Multisystem Inflammatory Syndrome in Children (MIS-C) associated with SARS-CoV-2 infection is thought to be driven by a post-viral dysregulated immune response, where interleukin 6 (IL-6) might have a central role. In this setting, IL-6 inhibitors are prescribed as immunomodulation in cases refractory to standard therapy. To compare plasma IL-6 concentration between critically ill children with MIS-C and sepsis. A retrospective cohort study from previously collected data. Individual patient data were gathered from three different international datasets. Critically ill children between 1 month-old and 18 years old, with an IL-6 level measured within 48 h of admission to intensive care. Septic patients were diagnosed according to Surviving Sepsis Campaign definition and MIS-C cases by CDC criteria. We excluded children with immunodeficiency or immunosuppressive therapy. None. The primary outcome was IL-6 plasma concentration in MIS-C and sepsis group at admission to the intensive care unit. We described demographics, inflammatory biomarkers, and clinical outcomes for both groups. A subgroup analysis for shock in each group was done. We analyzed 66 patients with MIS-C and 44 patients with sepsis. MIS-C cases were older [96 (48, 144) vs. 20 (5, 132) months old, < 0.01], but no differences in sex (41 vs. 43% female, = 0.8) compared to septic group. Mechanical ventilation use was 48.5 vs. 93% ( < 0.001), vasoactive drug use 79 vs. 66% ( = 0.13), and mortality 4.6 vs. 34.1% ( < 0.01) in MIS-C group compared to sepsis. IL-6 was 156 (36, 579) ng/dl in MIS-C and 1,432 (122, 6,886) ng/dl in sepsis ( < 0.01), while no significant differences were observed in procalcitonin (PCT) and c-reactive protein (CRP). 52/66 (78.8%) patients had shock in MIS-C group, and 29/44 (65.9%) had septic shock in sepsis group. Septic shock had a significantly higher plasma IL-6 concentration than the three other sub-groups. Differences in IL-6, CRP, and PCT were not statistically different between MIS-C with and without shock. IL-6 plasma concentration was elevated in critically ill MIS-C patients but at levels much lower than those of sepsis. Furthermore, IL-6 levels don't discriminate between MIS-C cases with and without shock. These results lead us to question the role of IL-6 in the pathobiology of MIS-C, its diagnosis, clinical outcomes, and, more importantly, the off-label use of IL-6 inhibitors for these cases.

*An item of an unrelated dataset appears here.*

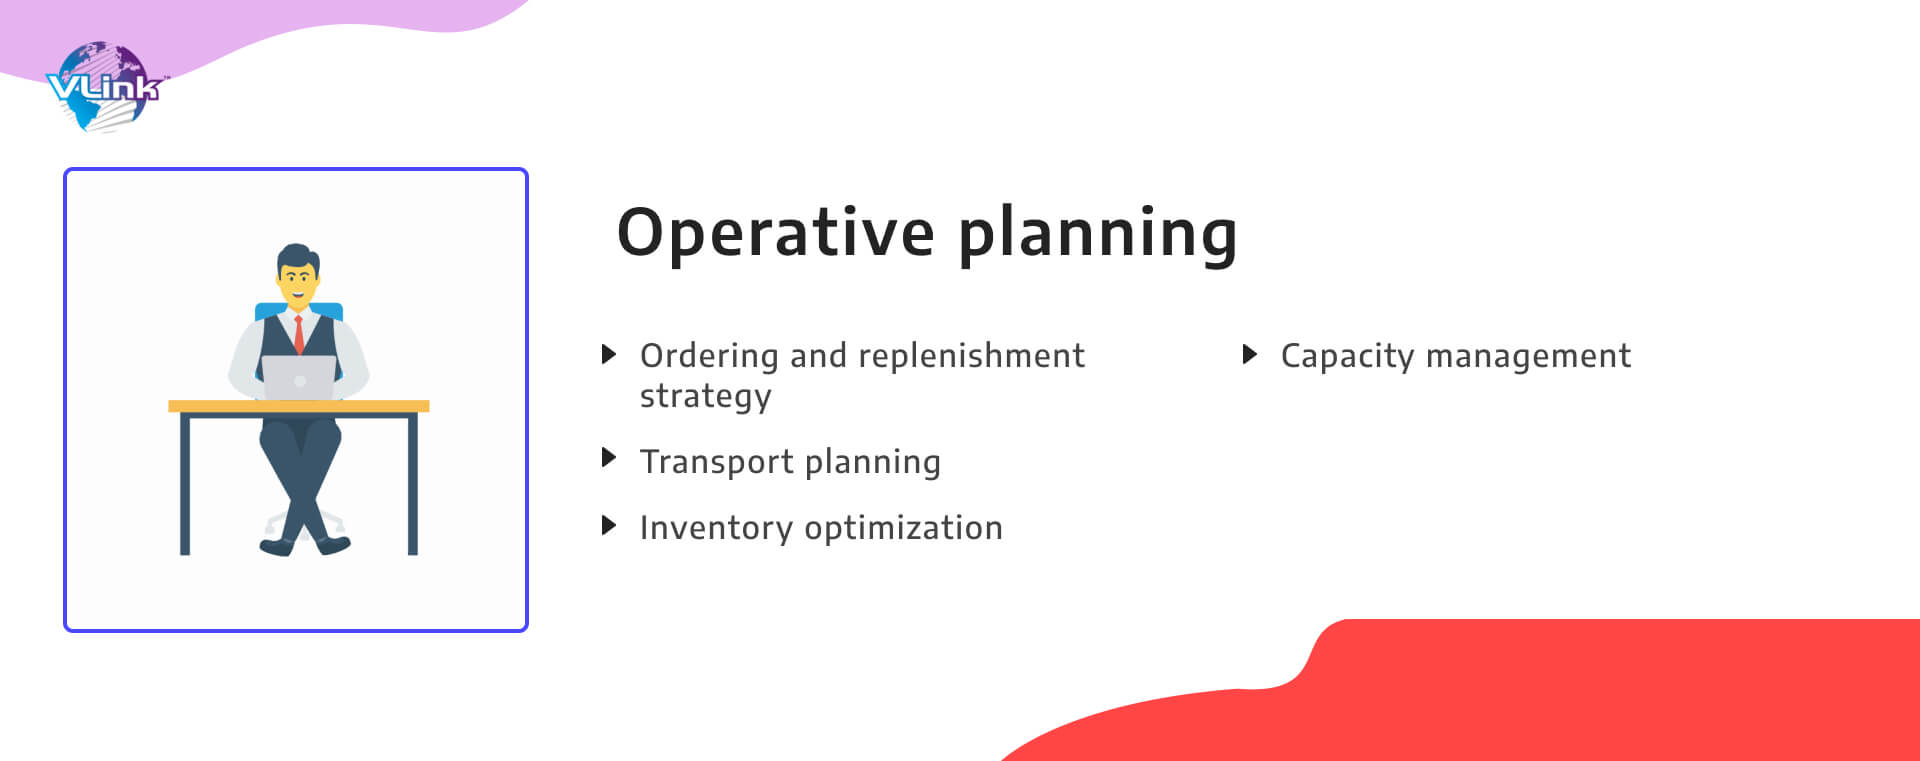 Operative planning

与严重急性呼吸综合征冠状病毒2(SARS-CoV-2)感染相关的儿童多系统炎症综合征(MIS-C)被认为是由病毒后免疫反应失调驱动的,其中白细胞介素6(IL-6)可能起核心作用。在这种情况下,IL-6抑制剂被用作标准治疗难治性病例的免疫调节药物。为比较重症MIS-C患儿和脓毒症患儿的血浆IL-6浓度。一项基于先前收集数据的回顾性队列研究。从三个不同的国际数据集中收集个体患者数据。年龄在1个月至18岁之间的重症患儿,其IL-6水平在重症监护入院后48小时内测量。脓毒症患者根据拯救脓毒症运动定义进行诊断,MIS-C病例根据美国疾病控制与预防中心(CDC)标准诊断。我们排除了免疫缺陷或接受免疫抑制治疗的儿童。无。主要结局是重症监护病房入院时MIS-C组和脓毒症组的IL-6血浆浓度。我们描述了两组的人口统计学、炎症生物标志物和临床结局。对每组休克情况进行了亚组分析。我们分析了66例MIS-C患者和44例脓毒症患者。MIS-C病例年龄更大[96(48,144)个月对20(5,132)个月,P<0.01],但与脓毒症组相比,性别无差异(女性分别为41%对43%,P = 0.8)。MIS-C组机械通气使用率为48.5%对93%(P<0.001),血管活性药物使用率为79%对66%(P = 0.13),死亡率为4.6%对34.1%(P<0.01)。MIS-C组IL-6为156(36,579)ng/dl,脓毒症组为1432(122,6886)ng/dl(P<0.01),而降钙素原(PCT)和C反应蛋白(CRP)无显著差异。MIS-C组52/66(78.8%)患者发生休克,脓毒症组29/44(65.9%)患者发生脓毒症休克。脓毒症休克患者的血浆IL-6浓度显著高于其他三个亚组。有休克和无休克的MIS-C患者在IL-6、CRP和PCT方面的差异无统计学意义。重症MIS-C患者的IL-6血浆浓度升高,但水平远低于脓毒症患者。此外,IL-6水平无法区分有休克和无休克的MIS-C病例。这些结果使我们质疑IL-6在MIS-C病理生物学、诊断、临床结局中的作用,更重要的是,质疑IL-6抑制剂在这些病例中的超说明书使用情况。